Language: English | French

Comparison of polyglactin-910 and polydioxanone for closure of the linea alba following caudal ventral midline laparotomy in sheep

Abstract

This study compared incisional complications after ventral midline laparotomy using 2 absorbable suture materials for apposition of the linea alba in sheep. The linea alba of 93 yearling sheep was sutured by 3 veterinarians in a simple continuous pattern using either polyglactin 910 (PG910; group PG) or polydioxanone (PDS; group PD). A blinded observer assessed surgical sites at the time of suture removal. Multivariate logistic regression was used to assess the association between incisional complications and variables (suture material used, veterinarian, skin suture removal time). The odds of incisional complications did not vary significantly with the type of suture material used (P = 0.11), veterinarian (P = 0.61) or skin suture removal time (P = 0.36). Most incisional complications were cutaneous suture sinus formation. Either PG910 or PDS may be used for linea alba closure in sheep.

Résumé

Comparison de l’utilisation du polyglactin 910 et du polydioxanone pour suturer la ligne blanche lors de laparotomies ventrales médianes caudales chez la brebis. Cette étude compare les complications incisionnelles suite à une laparotomie ventrale médiane en utilisant 2 fils de sutures pour l’apposition de la ligne blanche chez la brebis. La ligne blanche de 93 brebis a été suturée par 3 vétérinaires en points simples continus avec du polyglactin 910 (PG910; groupe PG) ou du polydioxanone (PDS; groupe PD). Une observation à l’aveugle des sites chirurgicaux a été effectuée lors du retrait des points de suture. Une régression logistique multivariée a été utilisée pour déterminer l’association entre les complications incisionnelles et les variables (matériel de suture utilisé, vétérinaire et temps de retrait des sutures cutanées). Les chances de complications ne variaient pas selon le type de matériel de suture utilisé (P = 0,11), le vétérinaire (P = 0,61) ou la période de retrait des points cutanés (P = 0,36). La majorité des complications étaient des fistules associées aux sutures cutanées. Le PG910 ou le PDS peut être utilisé pour l’apposition de la ligne blanche chez la brebis.

(Traduit par les auteurs)

Introduction

Laparotomies are currently performed in the ewe for embryo transfer (13), and for various therapeutic (48), exploratory (9), and research (1012) purposes. Standard approaches to the ovine abdomen include right or left mid-paralumbar, ventral midline, and ventral paramedian laparotomies. The ventral midline approach is commonly used to gain access to the reproductive tract such as for elective and emergency cesarean sections (5,7), ovariectomy (13), embryo transfer (3), and research procedures (11,12). This approach can be performed under general anesthesia or sedation and local or regional anesthesia with the sheep in dorsal recumbency. The incision is generally started at the level of the umbilicus and progresses caudally for the appropriate length for the required surgical procedure.

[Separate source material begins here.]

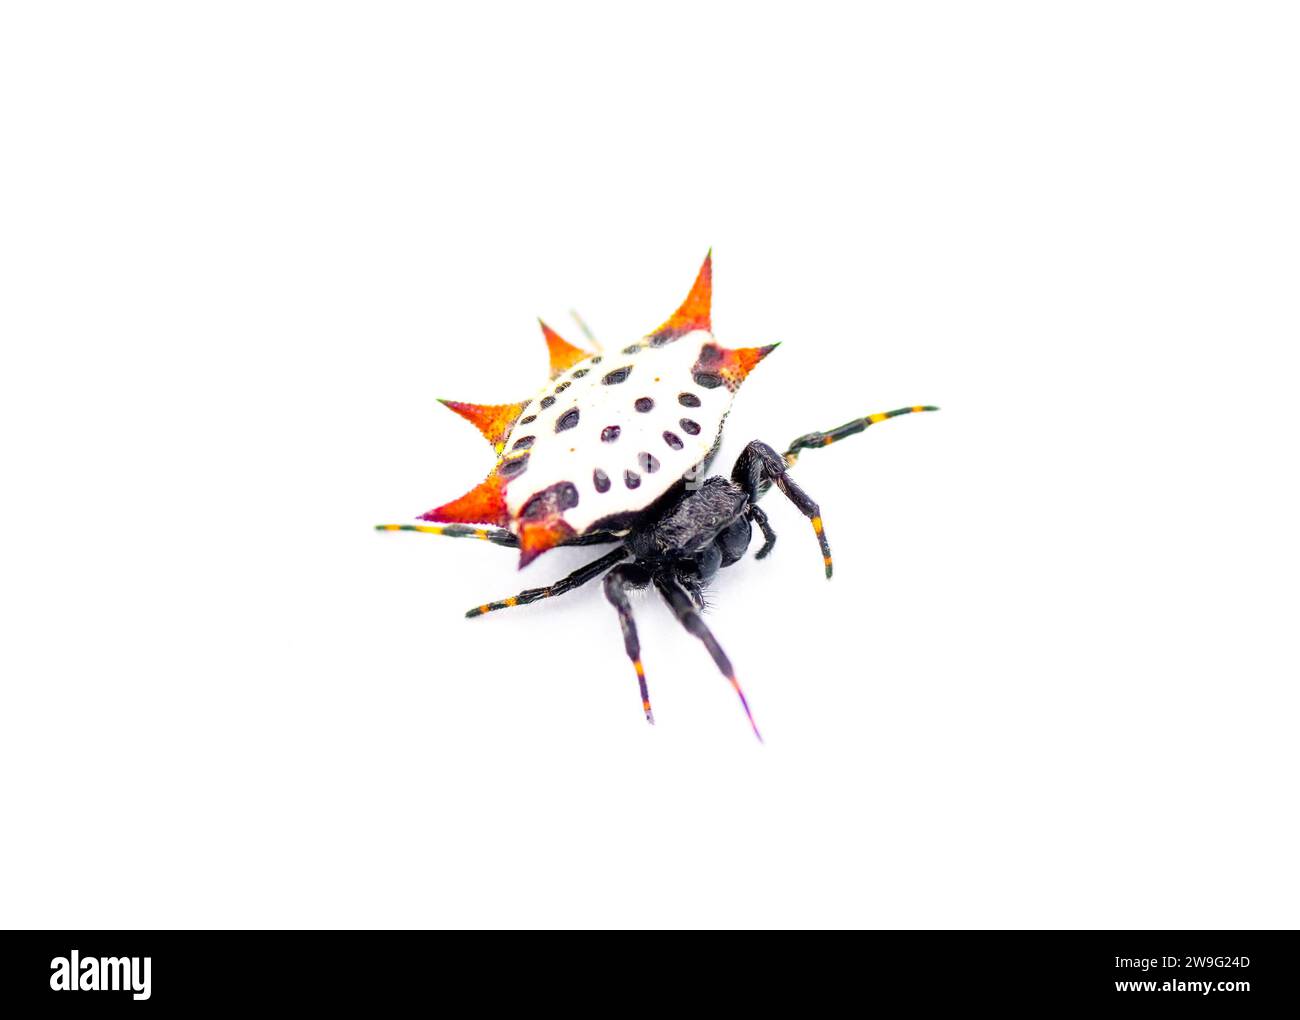 Spiny backed orb weaver spider - Gasteracantha cancriformis - aka crab or kite spider crawling right view isolated on white background Stock Photo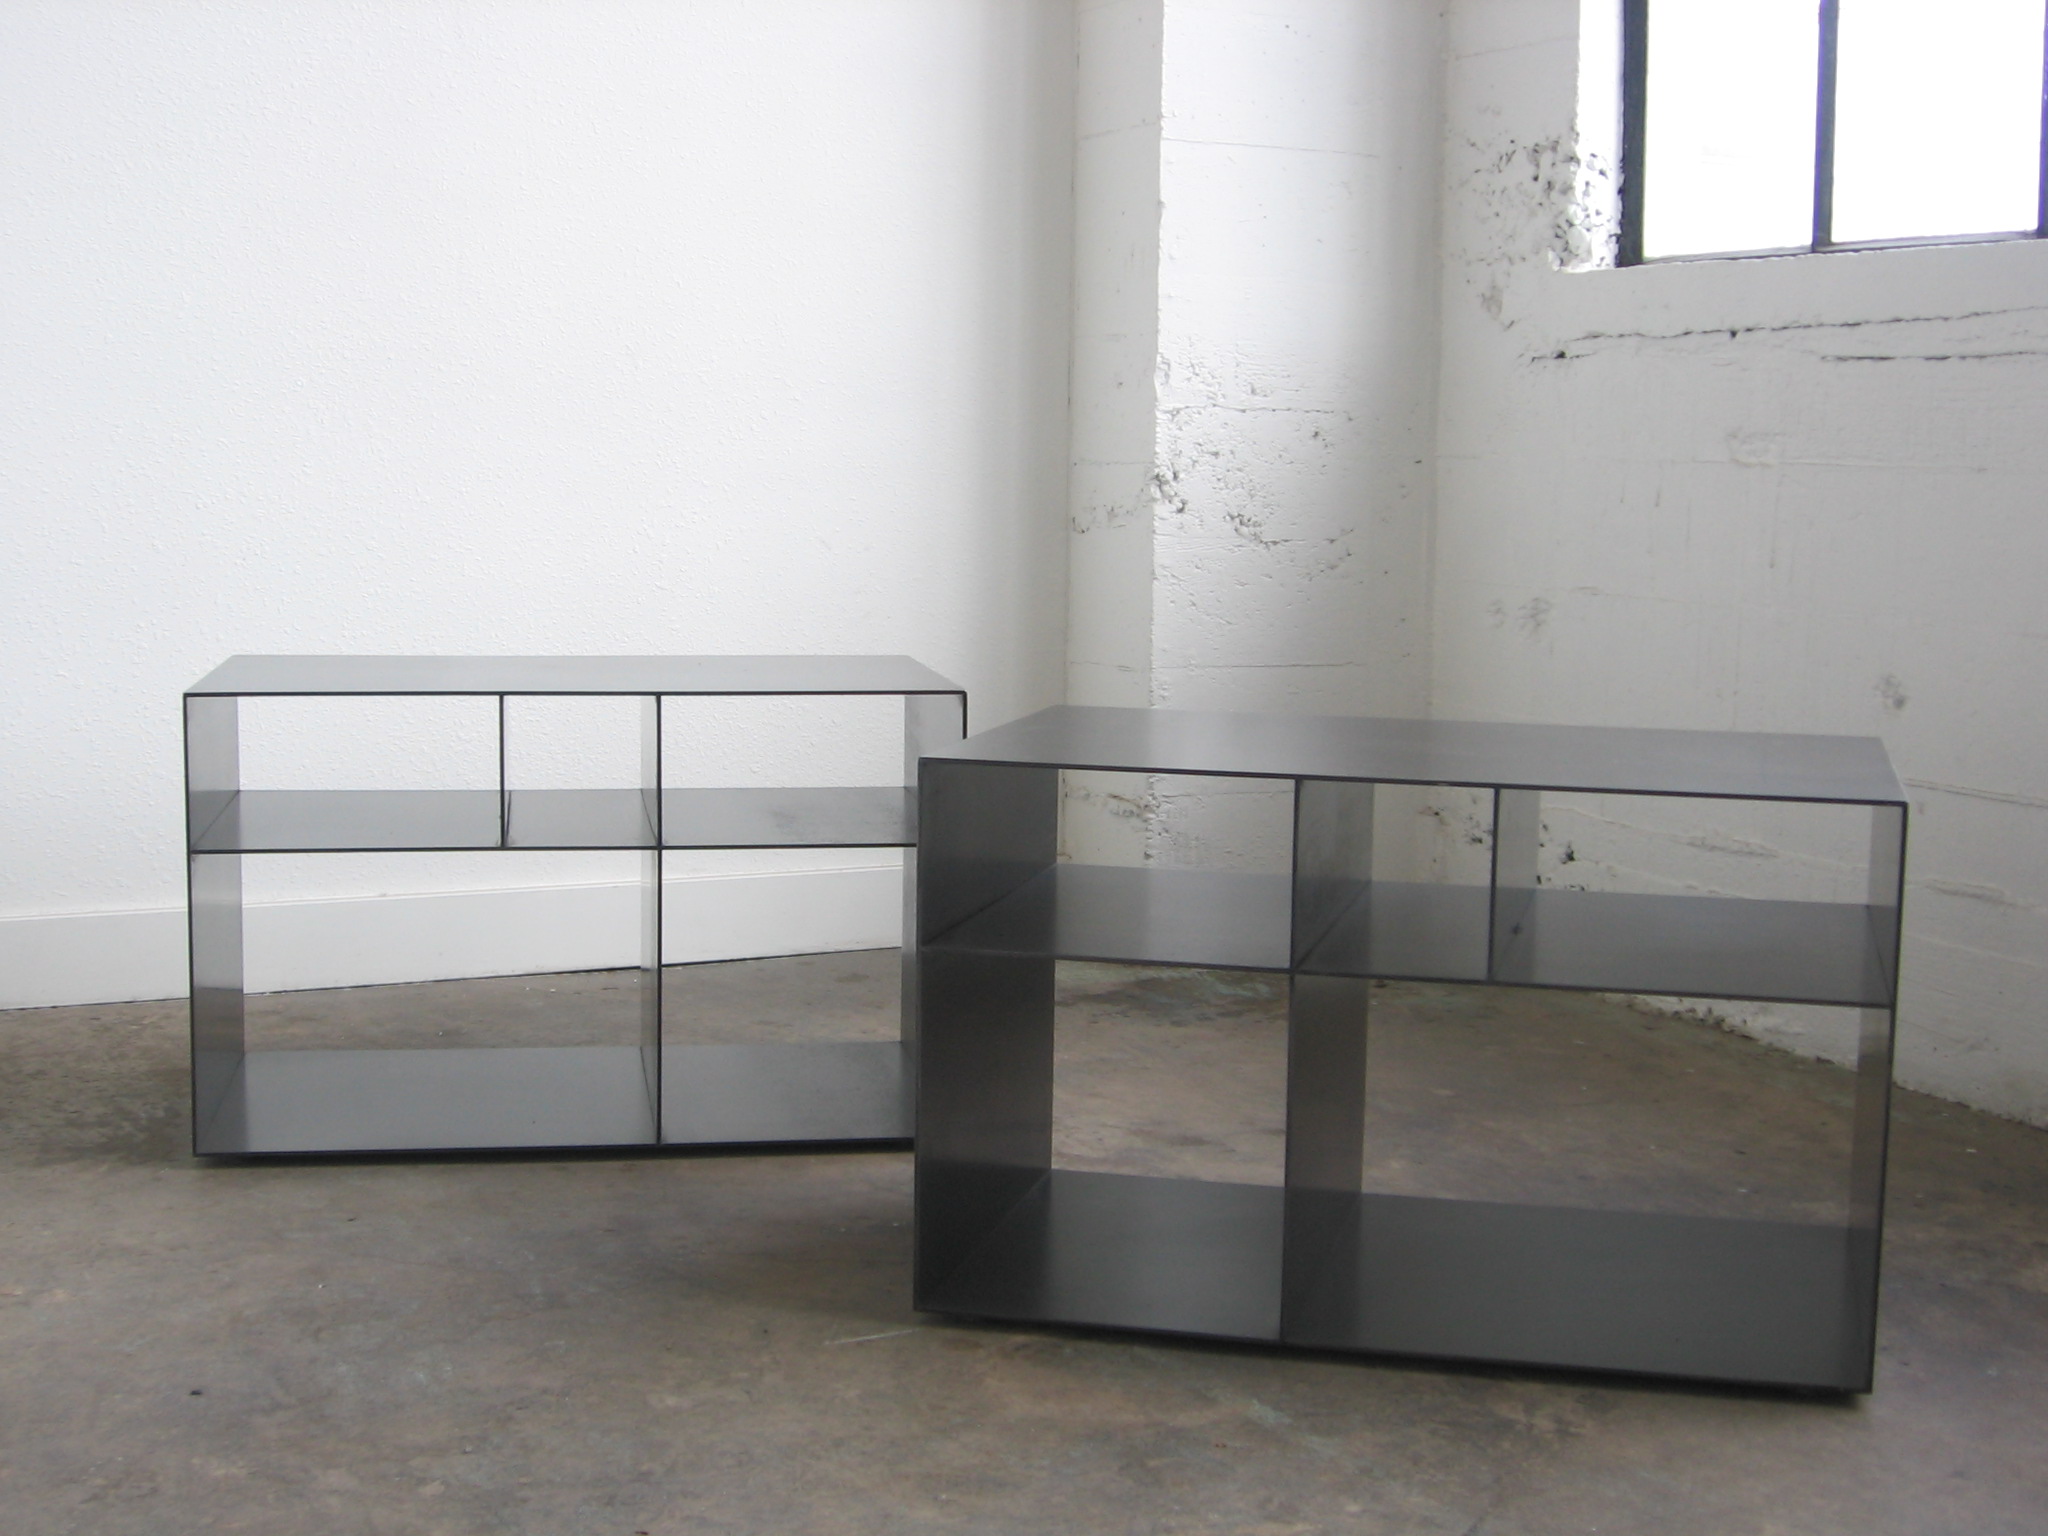  Hot Rolled Steel Shelves.  Designed by Eggleston/Farkas Architecture

Recommendations for suture patterns and suture selections to reconstruct the ventral midline abdominal wall in sheep undergoing laparotomy are often based on clinical experience and knowledge from other livestock species. An in vitro study showed that the llama linea alba is similarly strong after closure using either a simple continuous pattern or an inverted cruciate pattern (14). A simple continuous pattern was recommended for linea alba closure in llamas because of its easy and rapid application (14). Research on linea alba closure in horses showed that a simple continuous pattern is stronger than interrupted patterns (1517). Few articles report details about the type of closure (number of layers, suture patterns, suture material type and size) performed on ventral midline laparotomies in sheep. One study reported using absorbable suture material in a continuous pattern for re-apposition of the linea alba (7), whereas another described using USP size No. 3 surgical chromic gut in a simple interrupted pattern (10). In one retrospective study describing the rate and types of surgical site complications in sheep, ventral midline laparotomy was compared to left mid-paralumbar approach for cesarean sections in ewes. Eighteen percent of the ewes undergoing a ventral midline approach developed complications including mild to moderate degrees of incisional pain and/or the presence of some discharge (7). The authors could find no study comparing suture type for closure of ventral midline laparotomies in sheep.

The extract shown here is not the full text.